For the best box ever conceived in the history of boxes….
We used an awesome reddish acrylic Perspex and sawed an alluminium squared box section 15×15.
Shopping list:

TOTAL HARDWARE COSTS : 136.75 shipping and VAT included

beside hardware costs, to assemble and install grappolo require much time and effort. If you like us to assemble a grappolo for you, please contact us

Template operating system

Grappolo consist of 3 raspberry pi we will call them

  1. master (Grid schedler)
  2. node1 (slave or processing node1)
  3. node2 (slave or processing node2)

Each of these raspi share a template operating system which we will prepare in the following step. Successively, we will clone the template operating system and in a next step we will guide you through the customization of clones into different master and processing nodes.

Installing OS

  1. Check that your SD card is not trash
  2. Download Linux Debian derived operating system: Raspbian Jessie 4.1, released Nov. 2015
  df -h # find out for a partition that matches the roughly 1.something GB 
  # in our case is sdb2
  umount /dev/sdb2
  sudo parted /dev/sdb
  # enter in parted 
  $ sudo parted /dev/sdd
  (parted) unit chs
  (parted) print
  (parted) rm 2
  (parted) mkpart primary 8,40,32 866,80,9 # begin and end of the partition depend on your sd card size
  (parted) quit
  1. Plug Ethernet cable from raspi 1 to home router
  2. Insert SD in raspberry,
  3. Power raspi 1
  4. Open a terminal using a computer connected to the home router (via wireless or cable)

check your ip adress

  ifconfig | grep "inet addr"
        inet addr:127.0.0.1  Mask:255.0.0.0
        inet addr:192.168.1.68  Bcast:192.168.1.255  Mask:255.255.255.0

search for the ip adress of the raspberry pi

  sudo nmap -sP 192.168.1.1-255
  Starting Nmap 5.21 ( http://nmap.org ) at 2015-05-23 15:24 BST
     Nmap scan report for Unknown-28-32-c5-ae-4e-19.home (192.168.1.64)
     Host is up (0.0029s latency).
     MAC Address: 28:32:C5:AE:4E:19 (Unknown)
     Nmap scan report for ace.home (192.168.1.68)
     Host is up.
     Nmap scan report for Unknown-e8-06-88-9c-0f-66.home (192.168.1.70)
     Host is up (0.10s latency).
     MAC Address: E8:06:88:9C:0F:66 (Unknown)
     Nmap scan report for raspberrypi.home (192.168.1.80)
     Host is up (0.015s latency).
     MAC Address: B8:27:EB:65:6C:FF (Unknown)
     Nmap scan report for BThomehub.home (192.168.1.254)
     Host is up (0.013s latency).
     MAC Address: D0:84:B0:D7:AC:30 (Unknown)
     Nmap done: 255 IP addresses (5 hosts up) scanned in 5.44 seconds

You are now ready to connect to raspi1 via ssh, default login and pass are pi, raspberry.

  ssh pi@192.168.1.80
  yes

you are loged in the raspberry pi.
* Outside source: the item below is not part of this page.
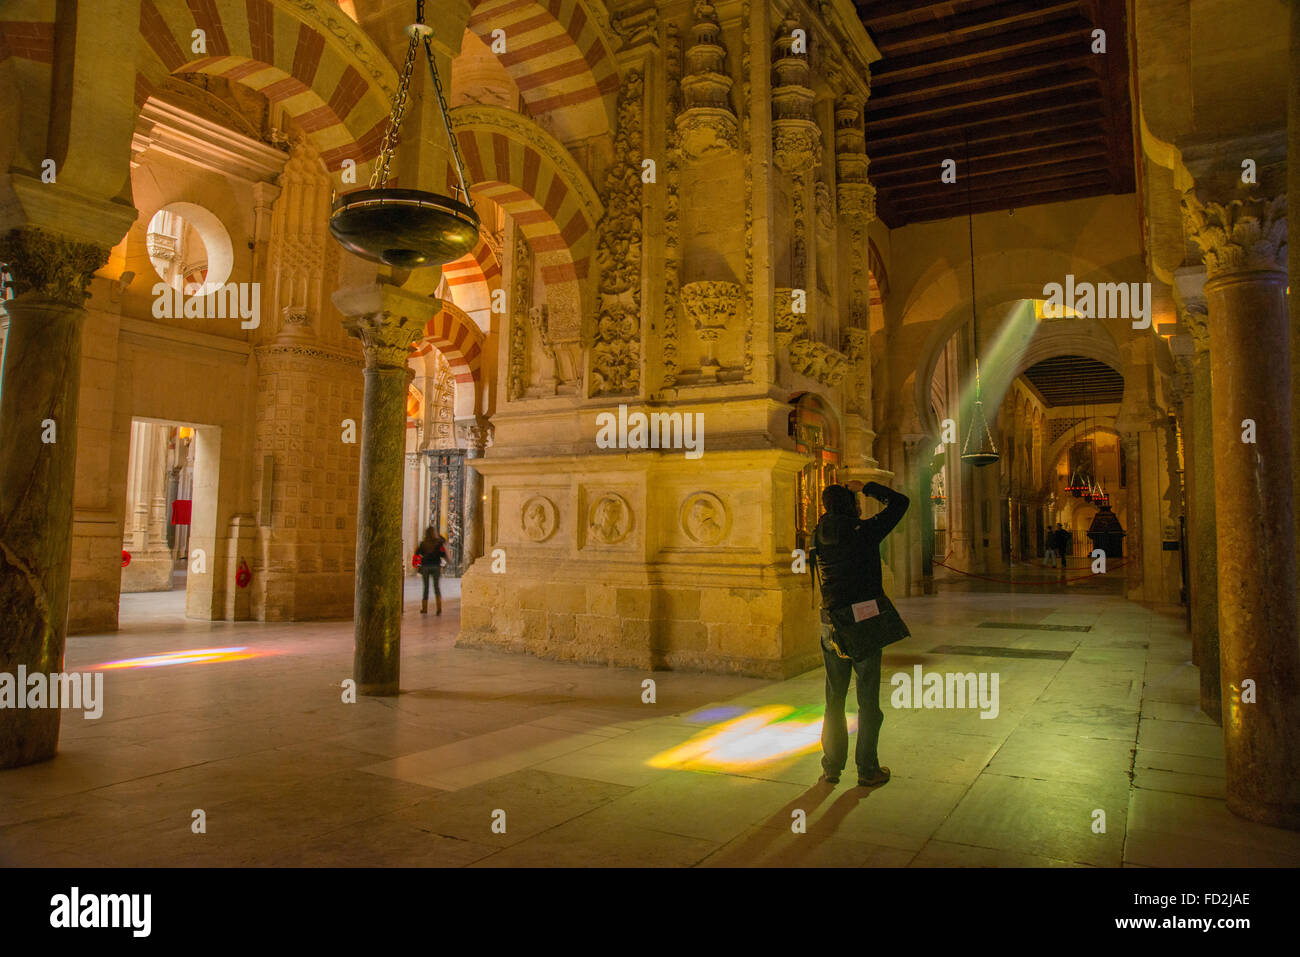 Mosque-Cathedral, indoor view. Cordoba, Spain. Stock Photo

Next steps are easy to do with the raspi-config GUI:

  sudo raspi-config
  1. Change password to masterpi
  2. Set time zone : internationalisation –> london
  3. Set the memory split and change the value to 16 (in advanced options)
  4. change hostname “ raspberry” to “grappolo” (in advanced options)
  sudo apt-get update
  sudo apt-get upgrade
  sudo reboot
  ssh pi@192.168.1.80
  

Add user admin (administartor) and remove user pi.
Password for user “admin” = “admin” …old pass for pi was masterpi

sudo useradd -m admin
sudo passwd admin #admin
sudo nano /etc/group
# Go through the file adding ,ad to the end of all of the groups that pi is in.  eg:   " adm:x:4:pi,admin  "
exit
ssh -X admin@192.168.1.80
chsh -s /bin/bash #default terminal is bash
sudo userdel pi

Set connections configurations

Connect the grappolo cluster to the outside world

We will generate a dynamic ip address to connect to the head node “grappolo” to the outside world. This will be be physically done ether via wifi dongle or via a usb-ethernet adapter depending on our working environment.

Connect nodes within the grappolo cluster

Within the cluster we create a static ip network using the Ethernet ports of each of the 3 raspi. The /etc/network/interface configuration file determine the above parameters. We need to insert the name of the wifi network and password wile connecting using the wifi dongle or we need to uncomment the two eth1 lines if we are using an ethernet connection from the cluster to the external world. The grappolo configuration using the wifi dongle looks like this:

pi@grappolo ~ $ cat /etc/network/interfaces
auto lo
iface lo inet loopback
 
auto eth0
iface eth0 inet static
address 10.141.255.254
netmask 255.255.0.0
network 10.141.0.0
broadcast 10.141.255.255
#gateway 10.141.255.254
 
# To connect via usb ethernet adaptor instead of wifi, uncomment the next two lines
#auto eth1
#iface eth1 inet dhcp
 
allow-hotplug wlan0
auto wlan0
 
iface wlan0 inet dhcp
#wpa-conf /etc/wpa_supplicant/wpa_supplicant.conf
       wpa-ssid "NETWORK_NAME"
       wpa-psk "NETWORK_PASSWORD"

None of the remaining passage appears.